In most cases, this does not go to the guide. When I’ve provided trail rides, I’ve been paid $10-15/ride which includes all pre and post ride care (tacking, grooming, bathing, turnout, etc.). The rest goes to the owners of the barn/horses/facility. Generally, no show fees are charged (full rate with no cancellation) and $0 go to the guide — horses are still groomed and ready for the ride and then untracked, turned out and tack cleaned after all for no money. If they cancel within a certain number of hours, some refund a percentage, but again, nothing goes to the guide. So yeah, it’s fun. This has been my experience across several facilities.

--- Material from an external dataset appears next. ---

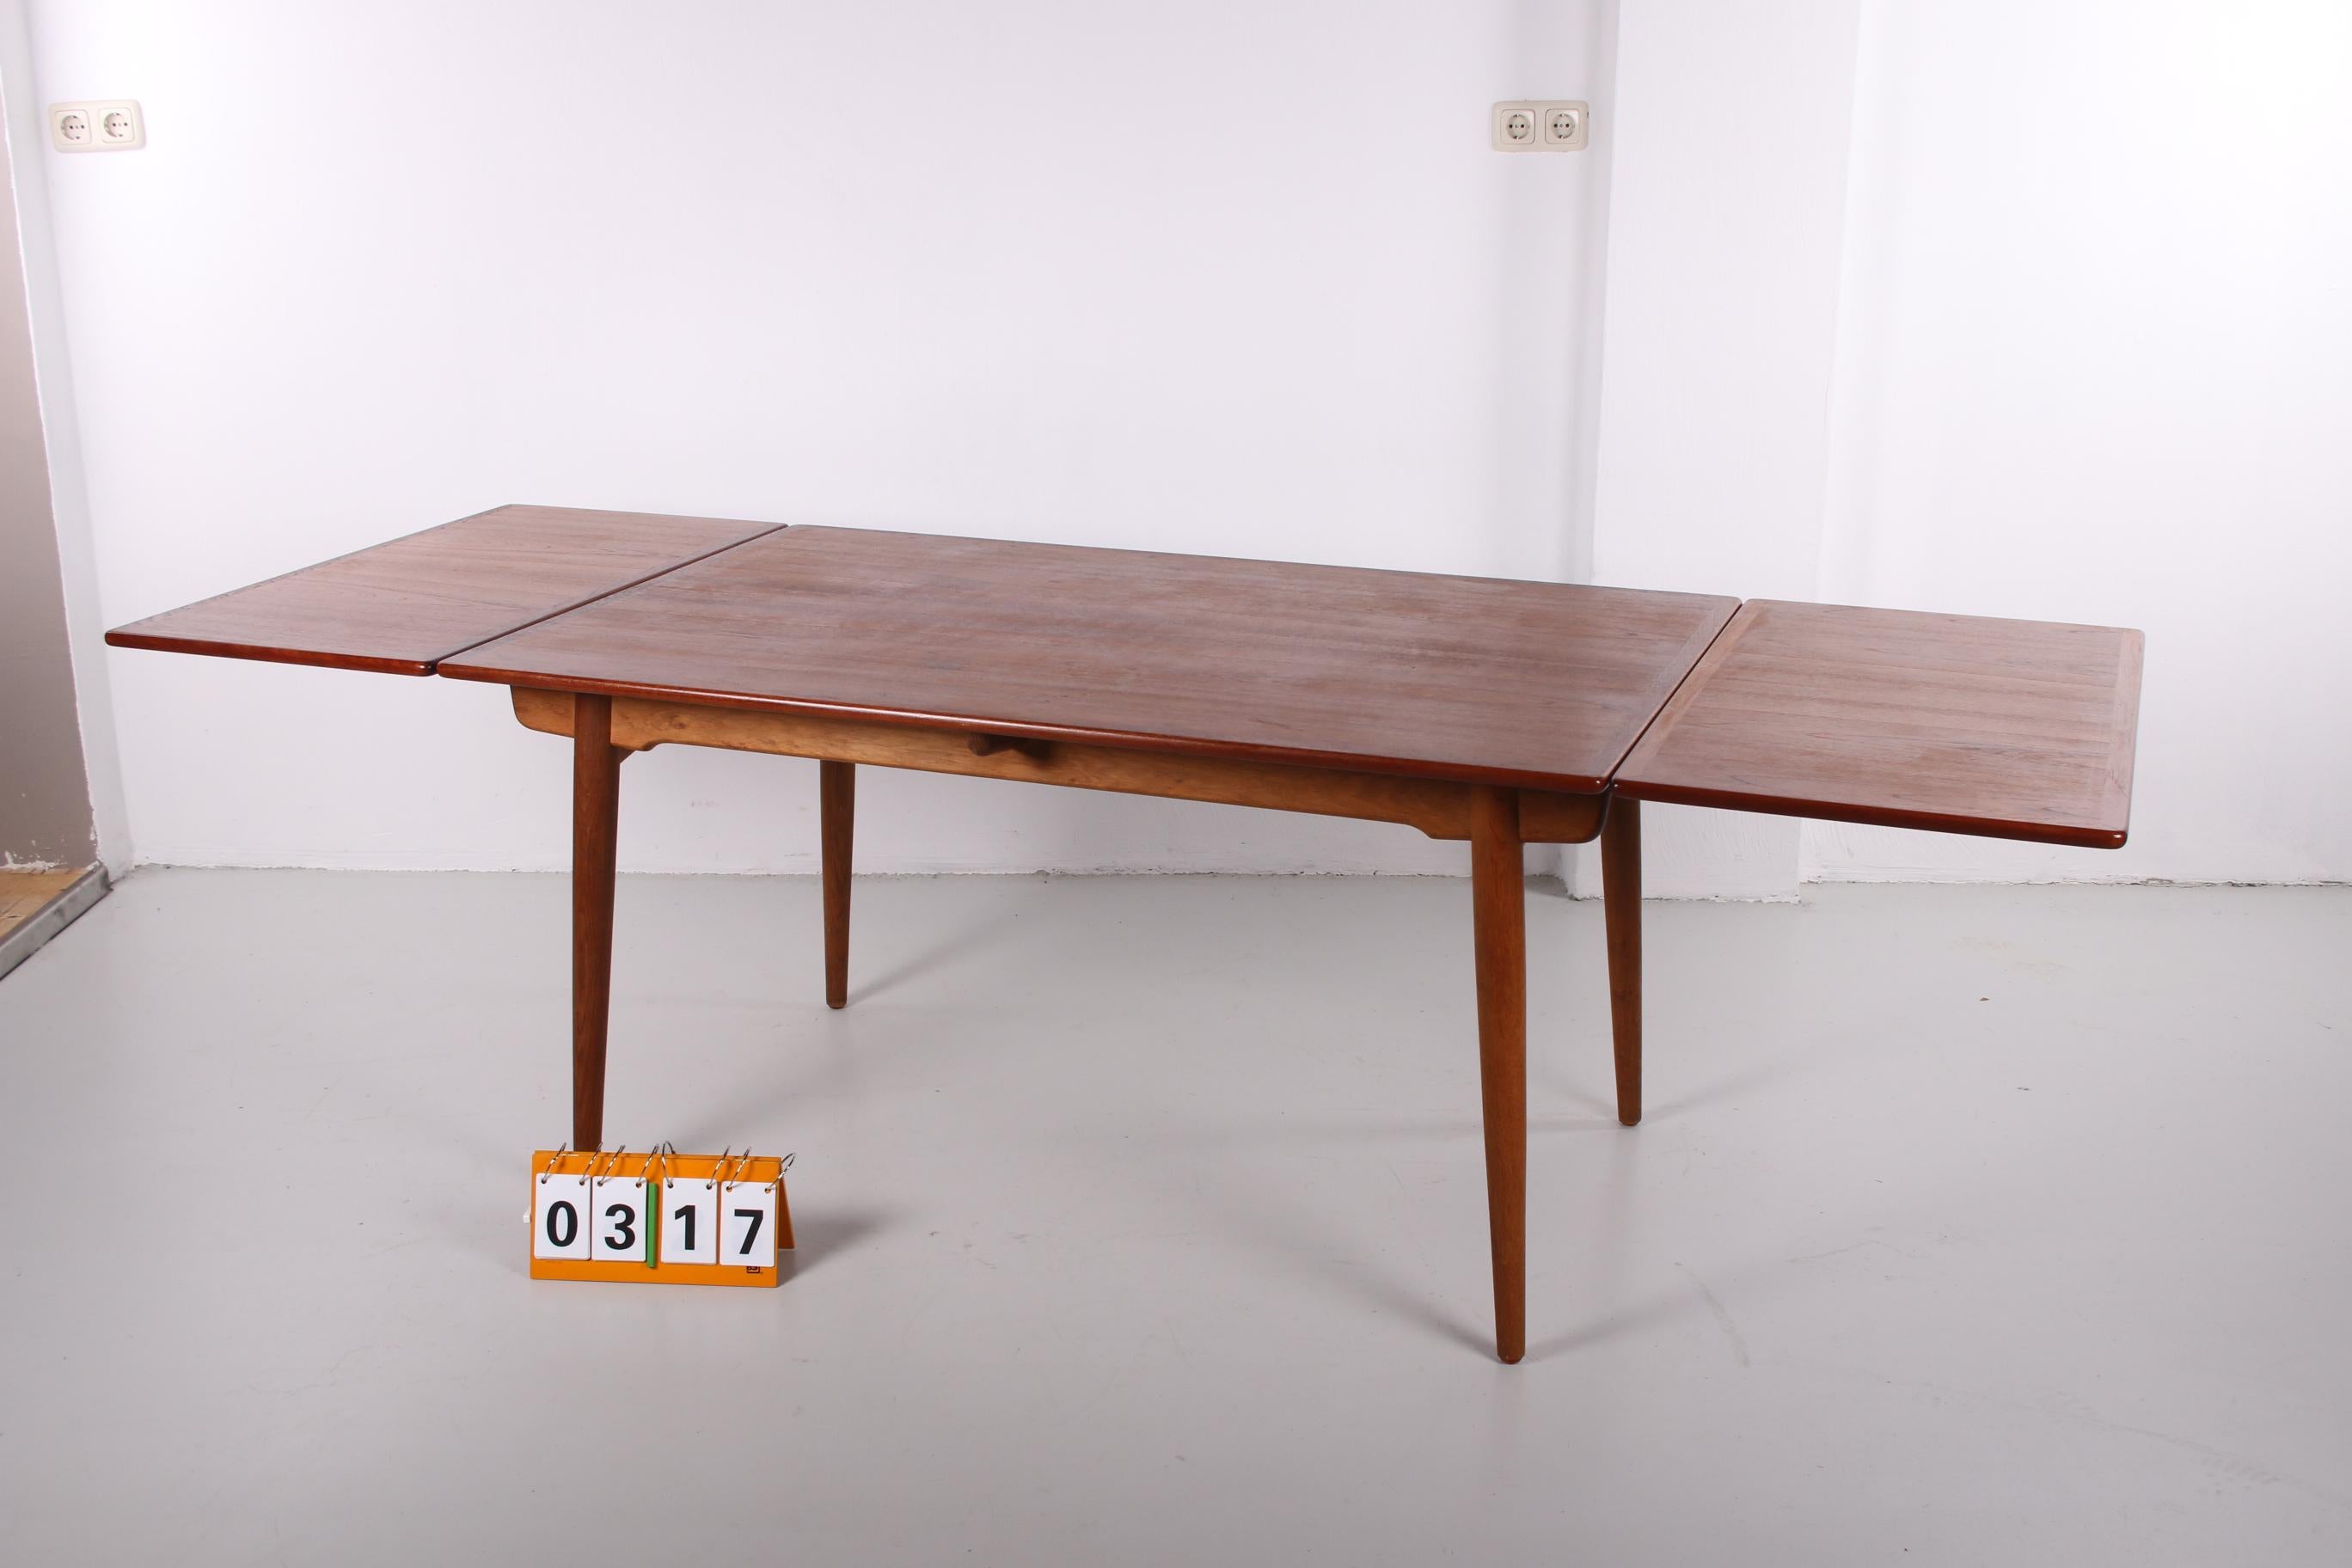 This is a beautiful rare large edition of model AT 312. A dining table designed by Hans J. Wegner, produced by Andreas Tuck in Denmark. Equipped with 2 extension leaves of 60 cm each. Legs in solid oak, table top in teak. In perfect condition.

Sorry to hear about your experience as a trail guide. Underpaid for the work you do.
 
Interesting that they were so honest that it doesn’t go to staff.
It's the law here - if you have a service charge, the receipt must say where it goes, and what percent, if it's split between the house and staff.

sk8pics:
The restaurant charges 22% basically just for being will to have you come in and eat dinner? And do they wonder why they’re closing? That sounds crazy to me. It’s one thing if they charge a credit card transaction fee, or add the gratuity to a large party’s bill, but 22% just because? Wow.
Restaurants do this to avoid raising their menu prices to what it needs to be to cover their costs. As I mentioned upthread, Seattle minimum wage for tipped workers went up $3/hr Jan 1 - the service charge thing has been around since Seattle instituted mandatory sick/safe leave in 2012, but it's really picked up since the minimum wage hikes went into effect a few years ago.